Projet de Centrale électrique à Malicounda : La Senelec accusée de bloquer les indemnisations promises

Par Alioune Badara CISS (Correspondant) –
Plus d’un an après la signature d’un accord historique sur les indemnisations liées à la Centrale électrique de Malicounda, la Senelec n’a toujours pas débloqué sa part de financement. Une situation que dénoncent avec force les Personnes affectées par le projet et l’Ong Lumière synergie pour le développement (Lsd), qui les accompagne dans leur quête de justice. Elle a clôturé, hier à Saly, un atelier de stratégie entre les communautés affectées par les projets financés par la Banque africaine de développement (Bad).
Le projet de centrale, mené dans le cadre d’un partenariat public-privé entre la Senelec et la multinationale Melec Power, concerne un terrain de 18 hectares dans la commune de Malicounda. Cette assiette foncière, acquise via la Senelec, a été partiellement cédée à Melec Power pour la construction de l’infrastructure. «Ces terres appartenaient à 23 familles. Le processus n’a pas respecté les normes environnementales et sociales de la Banque africaine de développement (Bad), qui finance pourtant le projet», alerte Aly Mari Sagne, directeur de l’Ong Lsd.
En 2021, les Personnes affectées par le projet (Pap) ont saisi l’Ong, qui entame avec elles une procédure de médiation. Celle-ci aboutit, en décembre 2023, à un accord impliquant Melec Power, la Senelec et les Pap. Le document prévoit un programme de restauration des moyens de subsistance, financé à hauteur de 128 millions de francs Cfa dont 62, 4 millions francs Cfa par Melec Power et 53 millions par la Senelec.
Aujourd’hui, seule la multinationale Melec Power a respecté ses engagements à hauteur de 22% du montant promis. «En revanche, la Senelec n’a toujours pas levé le plus petit doigt. Deux courriers sont restés sans réponse. Cela fait plus de six mois qu’on nous promet un chèque qui ne vient pas», s’indigne Aly Mari Sagne. Il interpelle directement le Directeur général de la Senelec, Pape Toby Guèye. «Dans un autre projet à Sendou, la Senelec a débloqué un milliard de francs Cfa. Pourquoi refuse-t-elle ici de libérer une enveloppe de 53 millions ? C’est ridicule, scandaleux et totalement irresponsable», déplore-t-il.
Les représentants des Pap, eux aussi, dénoncent un mépris inacceptable. «Nous avons été dupés», affirme Alioune Faye, président des Pap de Malicounda. «Après un an de négociations, un protocole a été signé.
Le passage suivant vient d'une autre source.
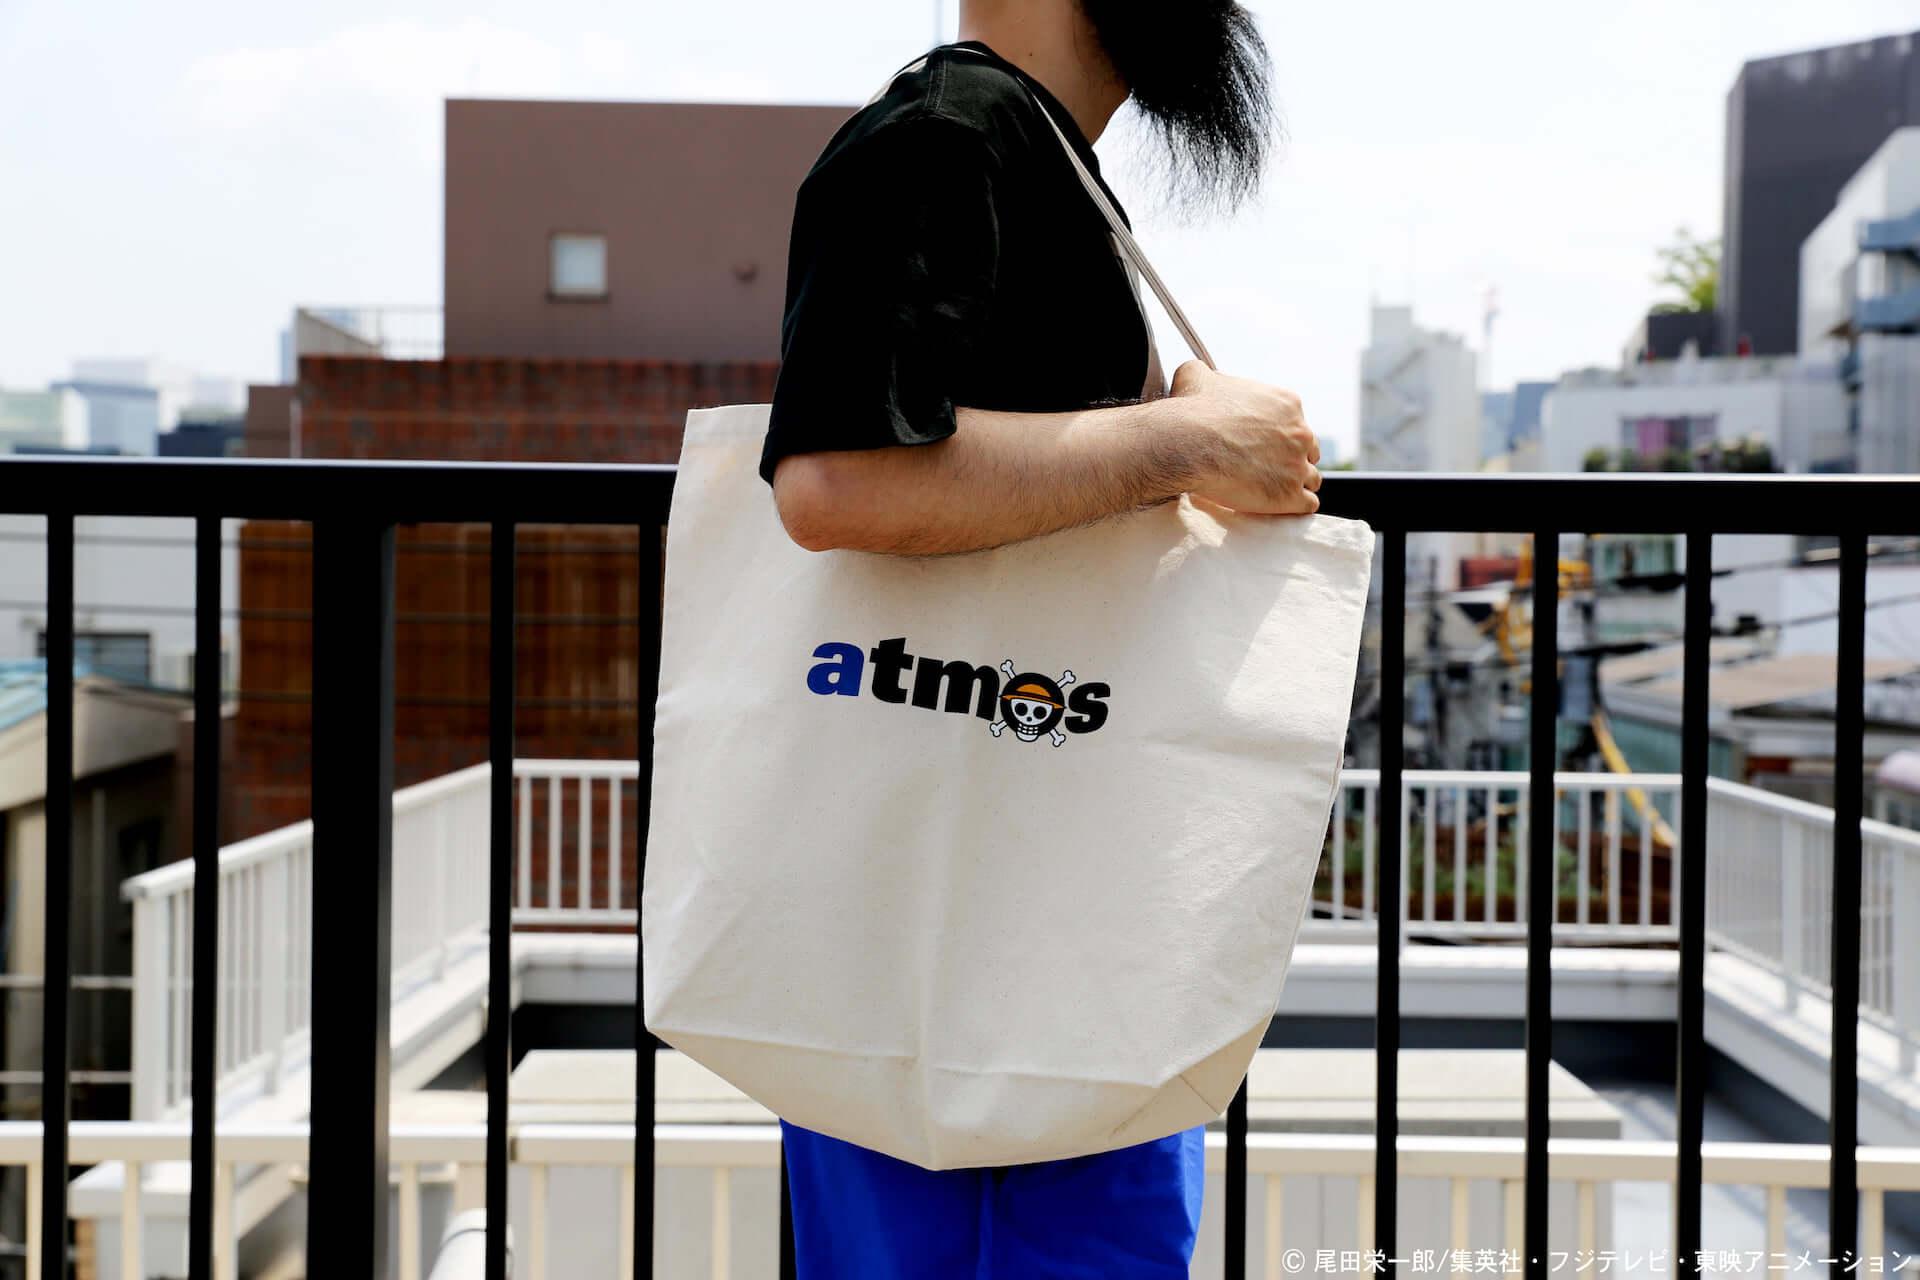 ルフィが手にするのはatmosのスニーカー!?atmos×『ONE PIECE』コラボアイテムが登場 lifefashion190802onepiece-atmos_8-1920x1280

Le paiement devait débuter en janvier 2024. Mais jusqu’ici, rien. Une entreprise étrangère tient parole, alors que notre propre société nationale nous tourne le dos», fustige M. Faye.
Quant à Assane Kane, un autre représentant des Pap, il fustige également l’attitude du Dg de la Senelec. «Nous avons écrit, mais il garde le silence. C’est un manque de respect total. La moindre des choses, c’est de répondre aux citoyens. S’il ne veut pas écouter les populations, nous irons plus haut, au président de la République ou au Premier ministre», avertit M. Kane. Les communautés concernées rappellent que leurs terres ne sont pas de simples espaces cultivables, mais un héritage ancestral. «Ce que nous revendiquons n’est pas un caprice. C’est un droit», martèle Alioune Faye.
Alors que la Centrale de Malicounda poursuit ses activités, les familles impactées, elles, attendent toujours réparation. Face à ce blocage, les regards se tournent désormais vers les autorités gouvernementales pour faire respecter les engagements pris.
Interpellé, un des responsables de la Senelec en charge de cette zone abritant le projet a dit n’avoir aucune information relative à ce dossier. Sur la base d’un mail qui lui a été envoyé, il devrait nous revenir. Mais jusque tard dans la soirée, aucune suite.